Subject: Re: Simple noob question.
From: (Rob Warnock)
Date: Sun, 24 Feb 2008 06:22:21 -0600
Newsgroups: comp.lang.lisp
Message-ID: <>
iant  <> wrote:
| Kent M Pitman <> wrote:
| > It is recommended that, absent some strong compelling reason (not in
| > evidence), you always use global variables that have *...* around
| > their names.  The *'s are just alphabetic characters, but this
| > different naming is commonly used and helpful for reasons I'll
| > explain.
| Is this because there are no variables with local scope?

[I assume by "local scope" here you really mean "lexical scope"...]
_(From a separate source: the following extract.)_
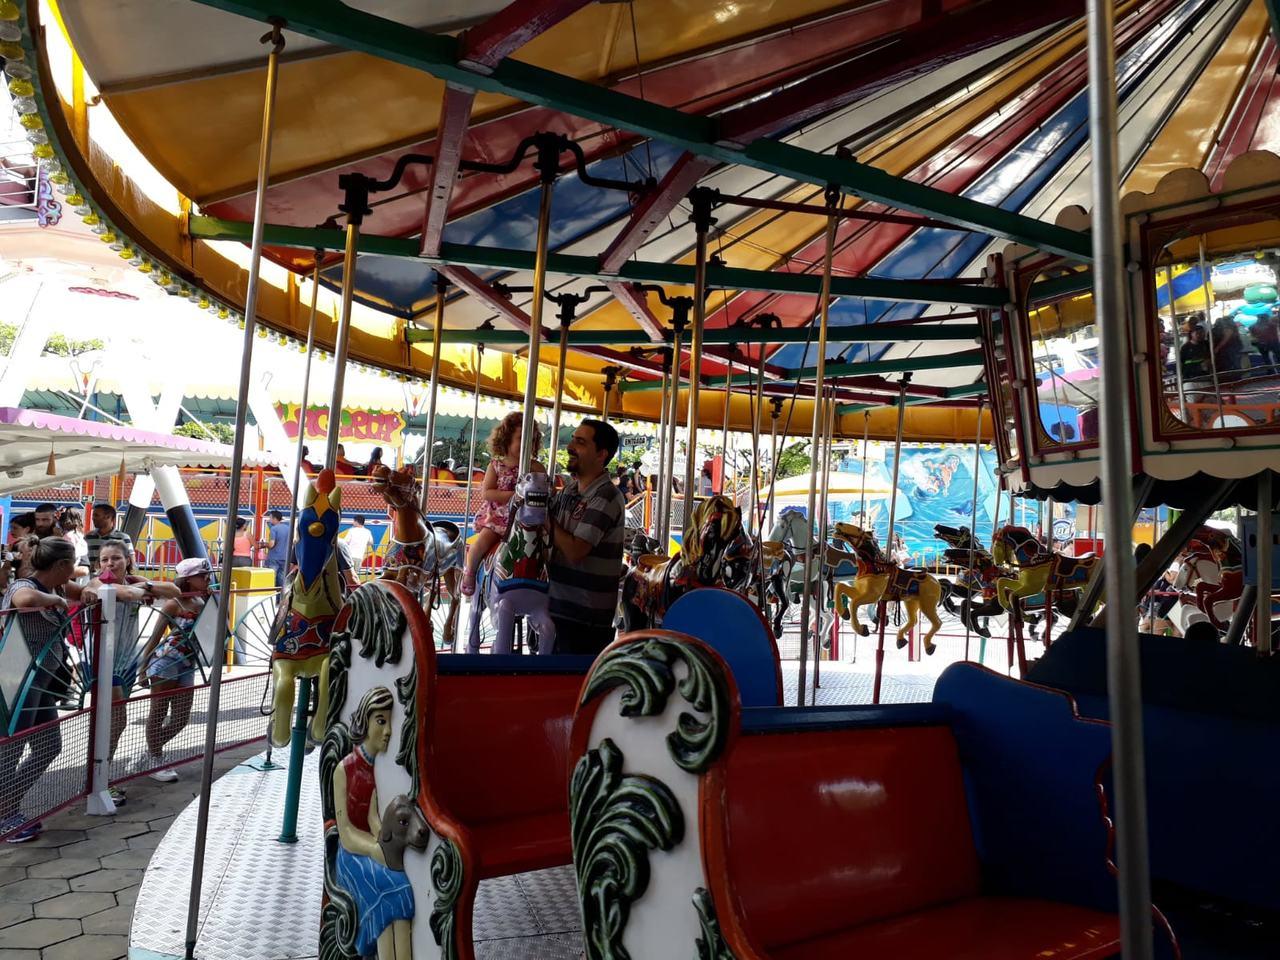 Parque Guanabara - tradição divertida em Belo Horizonte
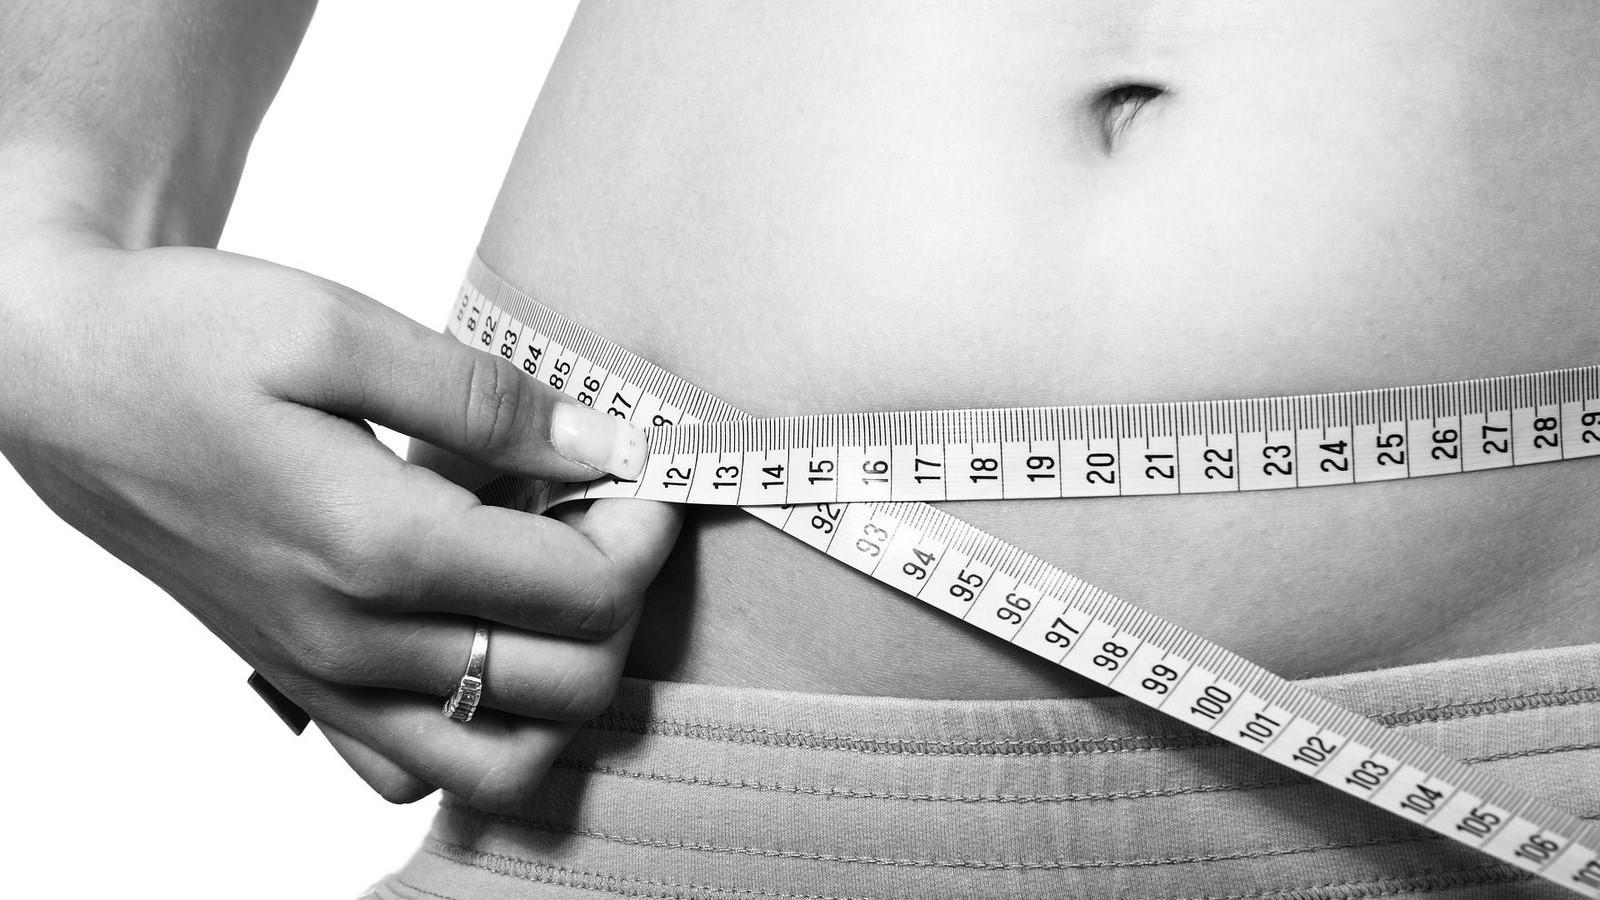 pierdere în greutate mebeverine arzător de grăsime placebo

No, there are certainly variables with lexical scope, but in
standard CL there are no global variables with lexical scope.[1]
Said another way, the global environment contains only variables
with dynamic scope (with the exception noted in [1]), and if you
rebind one with LET or LAMBDA you will give it a new *dynamic*
binding, which is not "local", and thus have effects you might not
expect if coming from languages with global lexical variables, e.g.:

    > (defparameter foo 13)

    > (defun foo () foo)

    > (defun bar () 27)

    > (let ((foo 54)
	    (bar 91))
	(list foo (foo) bar (bar)))

    (54 54 91 27)

For this reason the Lisp community style [a *very* strong convention!]
is to use the *FOO* form for global (dynamic) variables so you won't
accidentally rebind one dynamically when you were intending to just
create a fresh lexical binding.


[1] You can fake up global lexical variables by using symbol
    macros -- Google for DEFLEX, DEFLEXICAL, or DEFGLOBAL.
    Such "variables" are reliably shadowed by lexical rebindings,
    so there's no reason to use the *...* convention in their case.